问题
I stumbled upon very strange issue with GCC. The issue is 25% drop in performance. Here is the story.
I have a pice of software which is fp32 compute intensive (neural networks compiled with TVM). I compile it for ARM (rk3399 device), here is info:
gcc -v
Using built-in specs.
COLLECT_GCC=gcc
COLLECT_LTO_WRAPPER=/usr/lib/gcc/arm-linux-gnueabihf/5/lto-wrapper
Target: arm-linux-gnueabihf
Configured with: ../src/configure -v --with-pkgversion='Ubuntu/Linaro 5.4.0-6ubuntu1~16.04.12' --with-bugurl=file:///usr/share/doc/gcc-5/README.Bugs --enable-languages=c,ada,c++,java,go,d,fortran,objc,obj-c++ --prefix=/usr --program-suffix=-5 --enable-shared --enable-linker-build-id --libexecdir=/usr/lib --without-included-gettext --enable-threads=posix --libdir=/usr/lib --enable-nls --with-sysroot=/ --enable-clocale=gnu --enable-libstdcxx-debug --enable-libstdcxx-time=yes --with-default-libstdcxx-abi=new --enable-gnu-unique-object --disable-libitm --disable-libquadmath --enable-plugin --with-system-zlib --disable-browser-plugin --enable-java-awt=gtk --enable-gtk-cairo --with-java-home=/usr/lib/jvm/java-1.5.0-gcj-5-armhf/jre --enable-java-home --with-jvm-root-dir=/usr/lib/jvm/java-1.5.0-gcj-5-armhf --with-jvm-jar-dir=/usr/lib/jvm-exports/java-1.5.0-gcj-5-armhf --with-arch-directory=arm --with-ecj-jar=/usr/share/java/eclipse-ecj.jar --enable-objc-gc --enable-multiarch --enable-multilib --disable-sjlj-exceptions --with-arch=armv7-a --with-fpu=vfpv3-d16 --with-float=hard --with-mode=thumb --disable-werror --enable-multilib --enable-checking=release --build=arm-linux-gnueabihf --host=arm-linux-gnueabihf --target=arm-linux-gnueabihf
Thread model: posix
gcc version 5.4.0 20160609 (Ubuntu/Linaro 5.4.0-6ubuntu1~16.04.12)
uname -a
Linux FriendlyELEC 4.4.143 #1 SMP Tue Nov 20 11:10:11 CST 2018 aarch64 aarch64 aarch64 GNU/Linux
lscpu
Architecture: aarch64
Byte Order: Little Endian
CPU(s): 6
On-line CPU(s) list: 0-5
Thread(s) per core: 1
Core(s) per socket: 3
Socket(s): 2
Model name: ARMv8 Processor rev 2 (v8l)
CPU max MHz: 1800.0000
CPU min MHz: 408.0000
Hypervisor vendor: horizontal
Virtualization type: full
The code was initially "slow" and cpp11, I decided to try cpp17 and cpp14. cpp17 was not supported, but cpp14 was. I switched to cpp14 and voila I got boost around 25% in performance. I really tested it to make sure the boost is in fact real and not a measuring mistake. I had this boost for a week then my device rebooted and the boost in performance was gone!

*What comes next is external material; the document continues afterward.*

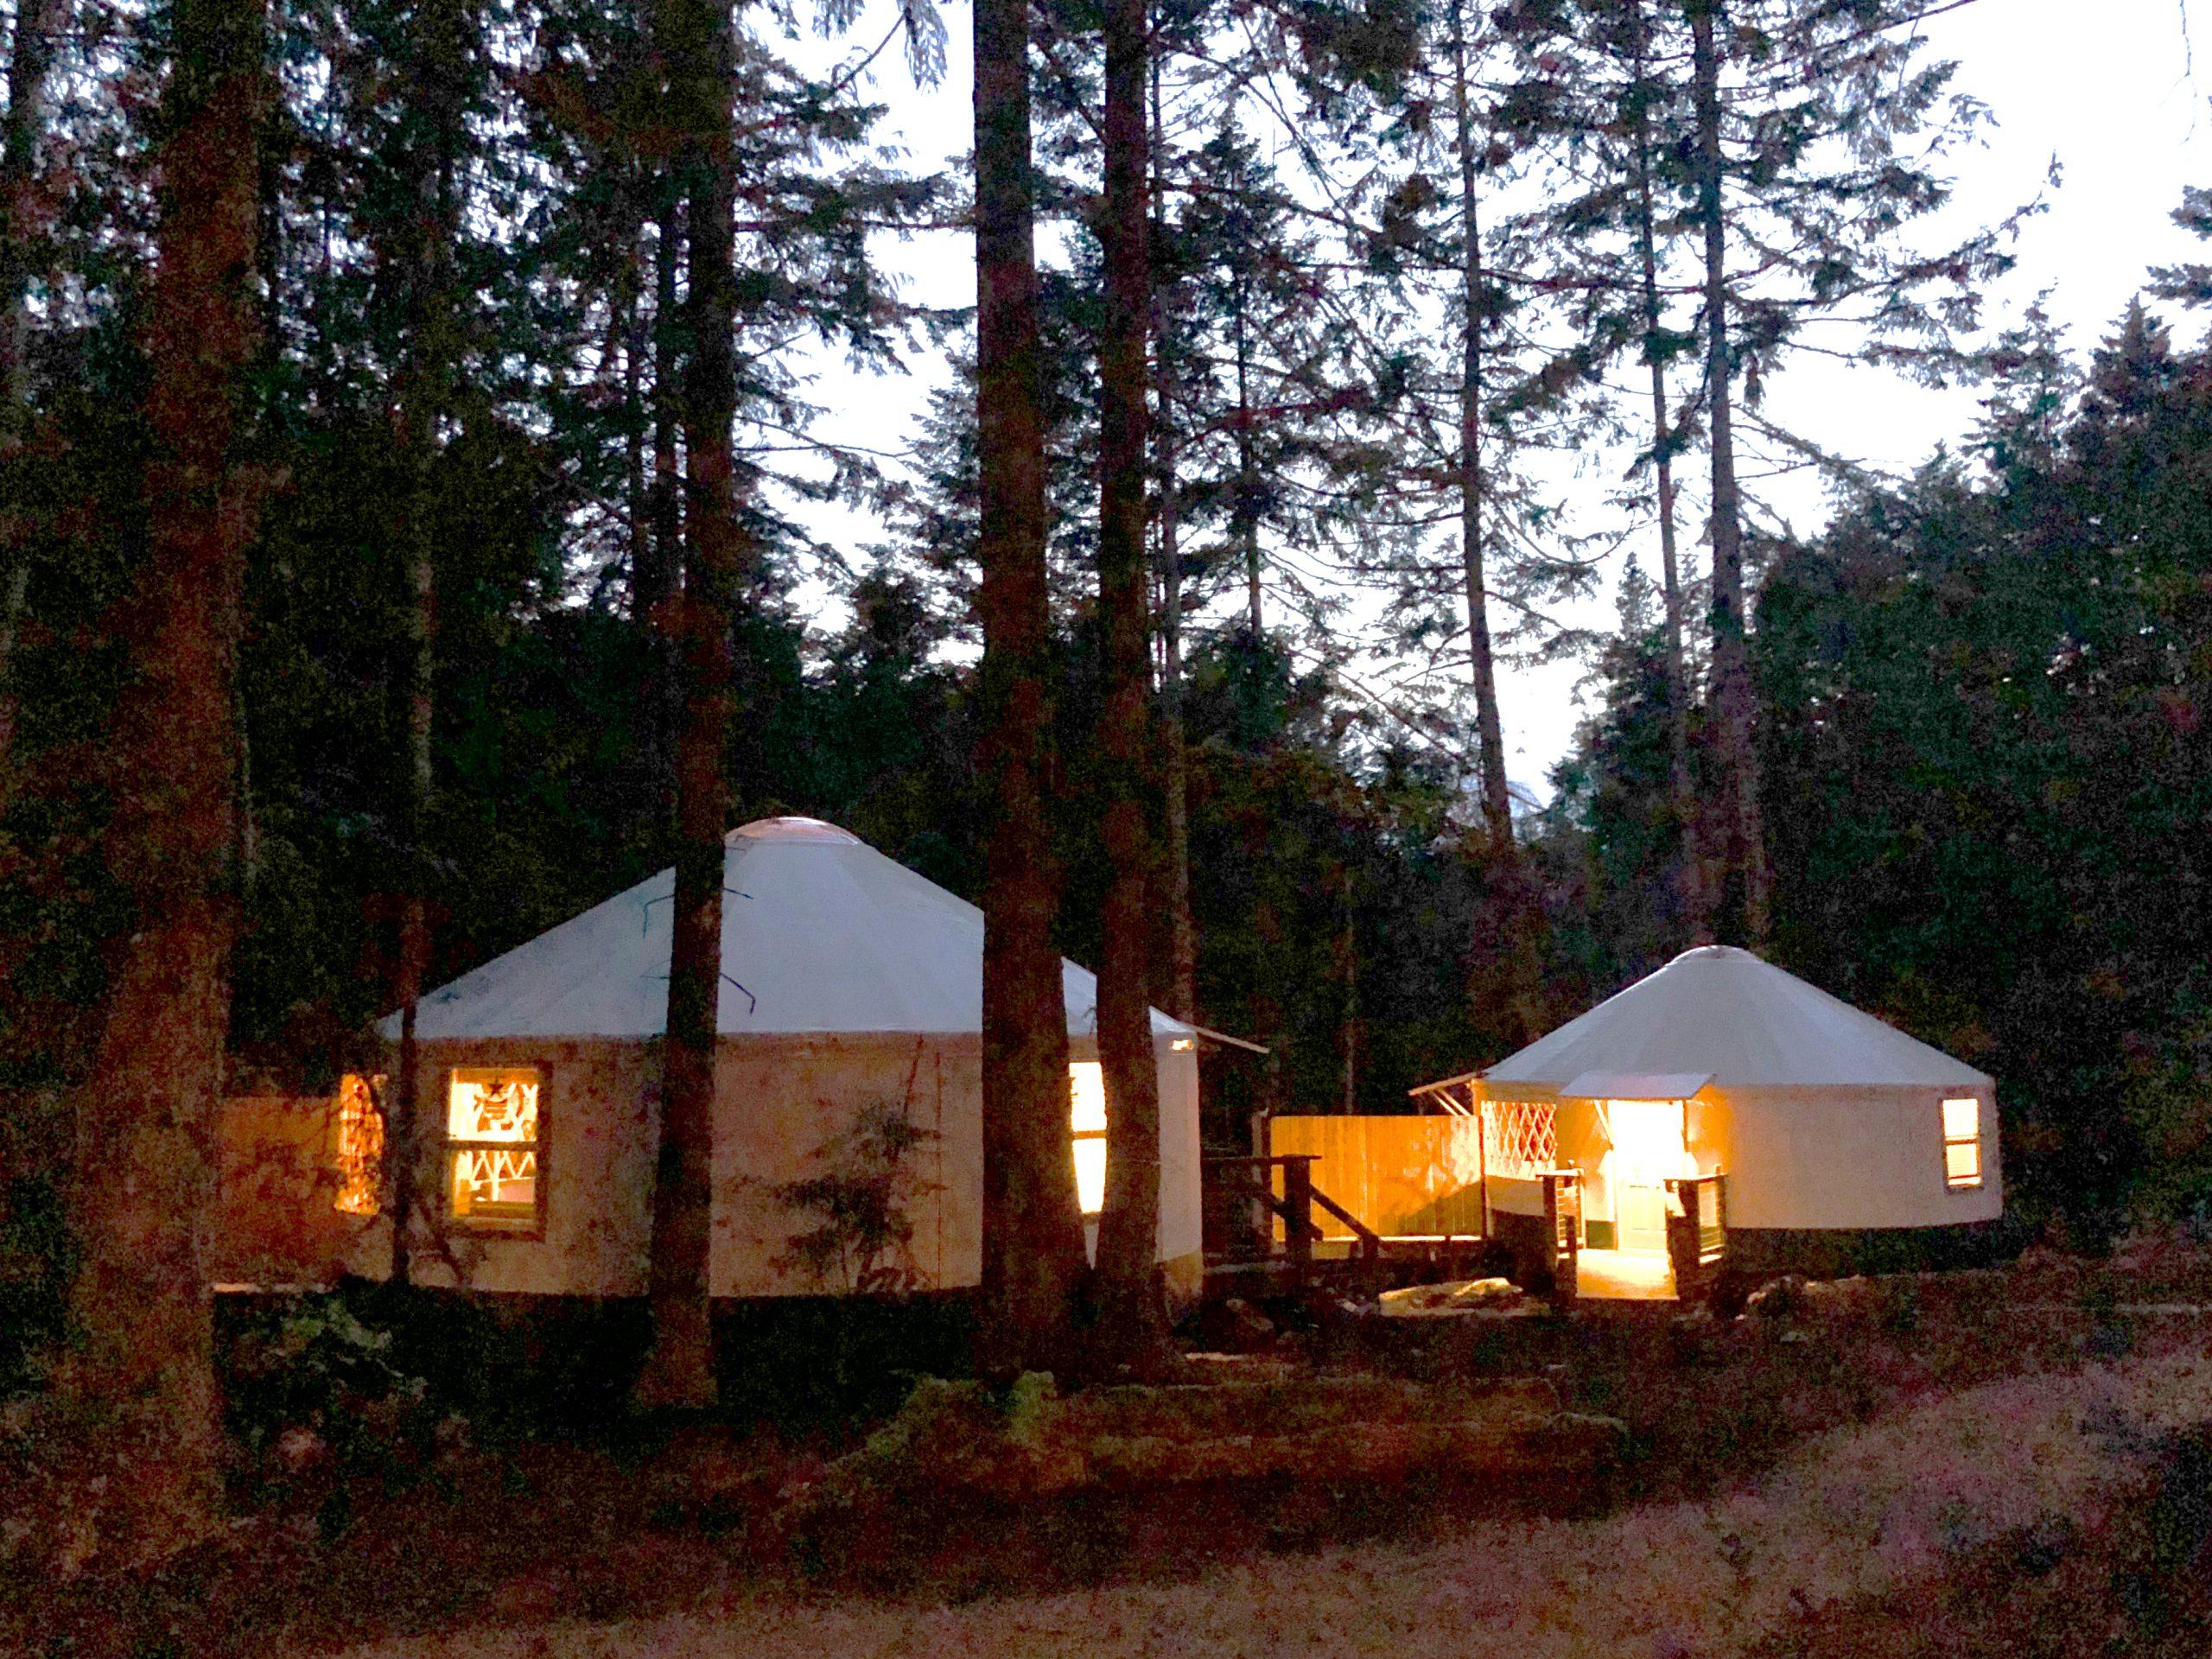 yurts at night at Lakedale

It may sound crazy, but I'm very sure in my code and measurements I had. I didn't have explicit compile flags prior to this gimmick. Now I'm trying to figure out compile flags for GCC to reclaim what was lost, but I don't have much experience with GCC. What could be the issue here? What flags can affect performance that much?
the code uses .so files, compiled with use of llvm and gcc
llvm -device=arm_cpu -target=armv8l-linux-gnueabihf -mattr=+neon,fp-armv8
回答1:
"What flags can affect performance that much?"
Turning on the optimizer -O1
, -O2
or -O3
can have a dramatic effect (default is unoptimized build -O0
).
Enabling link time optimization -flto
can also often give significant improvements.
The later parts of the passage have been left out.